This Announcement or any part of it does not constitute or form part of any
offer to issue or sell, or the solicitation of an offer to acquire, purchase
or subscribe for, any securities in the United States, Australia, Canada,
Japan, the Republic of South Africa, Hong Kong or any other jurisdiction in
which the same would be unlawful or to any person to whom it is unlawful to
make such offer or solicitation. No public offering of the Placing Shares is
being made in any such jurisdiction.

No action has been taken by the Company, BMO Capital Markets Limited ("BMO"),
Canaccord Genuity Limited ("Canaccord"), Peel Hunt LLP ("Peel Hunt") or Banco
Santander, S.A. ("Santander" and, together with BMO, Canaccord and Peel Hunt,
the "Banks") or any of their respective Affiliates or any of its or their
respective directors, officers, partners, employees, agents or advisers
(collectively "Representatives") or any person acting on behalf of any of them
that would, or is intended to, permit an offer of the Placing Shares or result
in the possession or distribution of this Announcement or any other offering
or publicity material relating to such Placing Shares in any jurisdiction
where action for that purpose is required. Any failure to comply with these
restrictions may constitute a violation of the securities laws of such
jurisdiction. Persons into whose possession this Announcement comes are
required to inform themselves about, and to observe, such restrictions.

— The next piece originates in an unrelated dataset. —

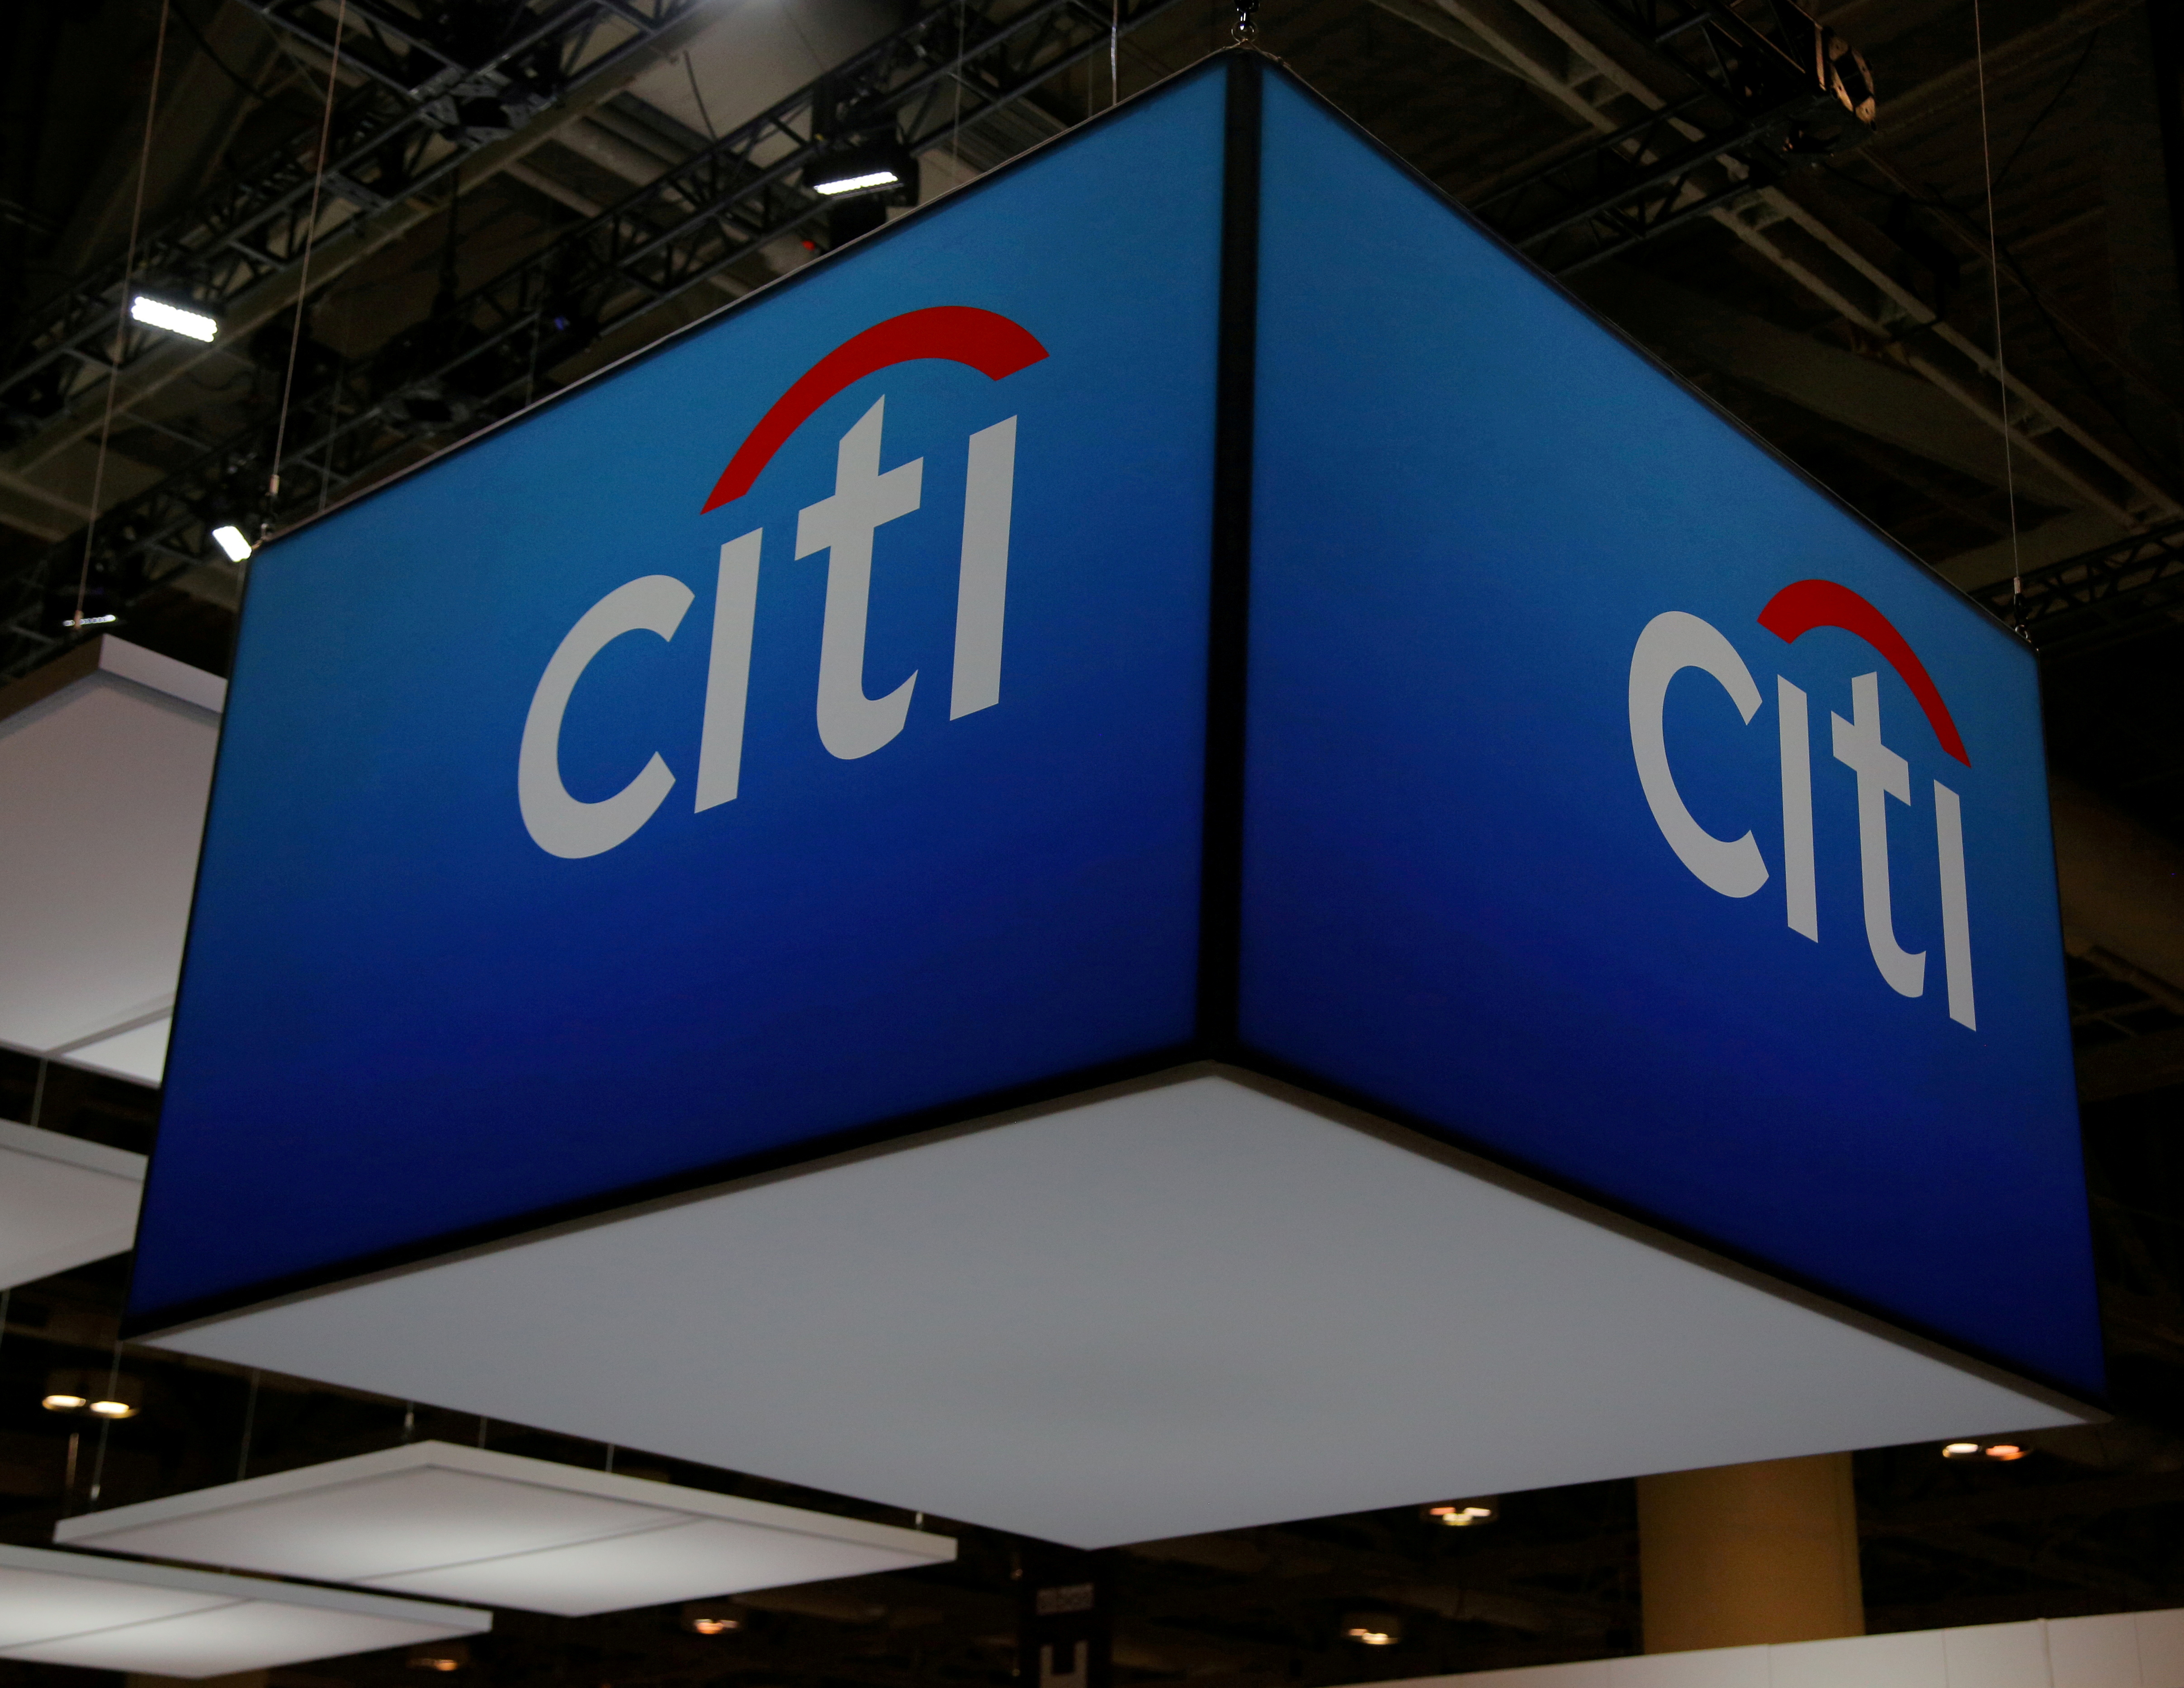 The Citigroup Inc (Citi) in Toronto, Ontario, Canada October 19, 2017. Picture taken October 19, 2017. REUTERS/Chris Helgren/File Photo

No prospectus, offering memorandum, offering document or admission document
has been or will be made available in any jurisdiction in connection with the
matters contained or referred to in this Announcement and no such document is
required (in accordance with Regulation (EU) No 2017/1129 (the "EU Prospectus
Regulation") or the Public Offers and Admissions to Trading Regulations 2024
(the "POATR")) to be published. Persons needing advice should consult a
qualified independent legal adviser, business adviser, financial adviser or
tax adviser for legal, financial, business or tax advice.

The securities referred to herein have not been and will not be registered
under the US Securities Act of 1933, as amended (the "Securities Act"), or
under the securities laws of, or with any securities regulatory authority of,
any state or other jurisdiction of the United States, and may not be offered,
sold, pledged, taken up, exercised, resold, transferred or delivered, directly
or indirectly, within, into or in the United States absent registration under
the Securities Act or pursuant to an exemption from, or in a transaction not
subject to, the registration requirements of the Securities Act and in
compliance with any applicable securities laws of any state or any other
jurisdiction of the United States. The Placing Shares are being offered and
sold (i) outside of the United States in "offshore transactions" as defined
in, and pursuant to, Regulation S under the Securities Act ("Regulation S");
and (ii) in the United States only to persons reasonably believed to be
"qualified institutional buyers" as defined in Rule 144A of the Securities Act
("QIBs") pursuant to an exemption from, or in a transaction not subject to,
the registration requirements of the Securities Act. No public offering of
securities will be made in the United States or elsewhere.

The Placing has not been approved or disapproved by the US Securities and
Exchange Commission, any state securities commission in the United States or
any US regulatory authority, nor have any of the foregoing authorities passed
upon or endorsed the merits of the Placing, or the accuracy or adequacy of
this Announcement. Any representation to the contrary is a criminal offence in
the United States.

This Announcement has not been approved by the Financial Conduct Authority
(the "FCA") or the London Stock Exchange.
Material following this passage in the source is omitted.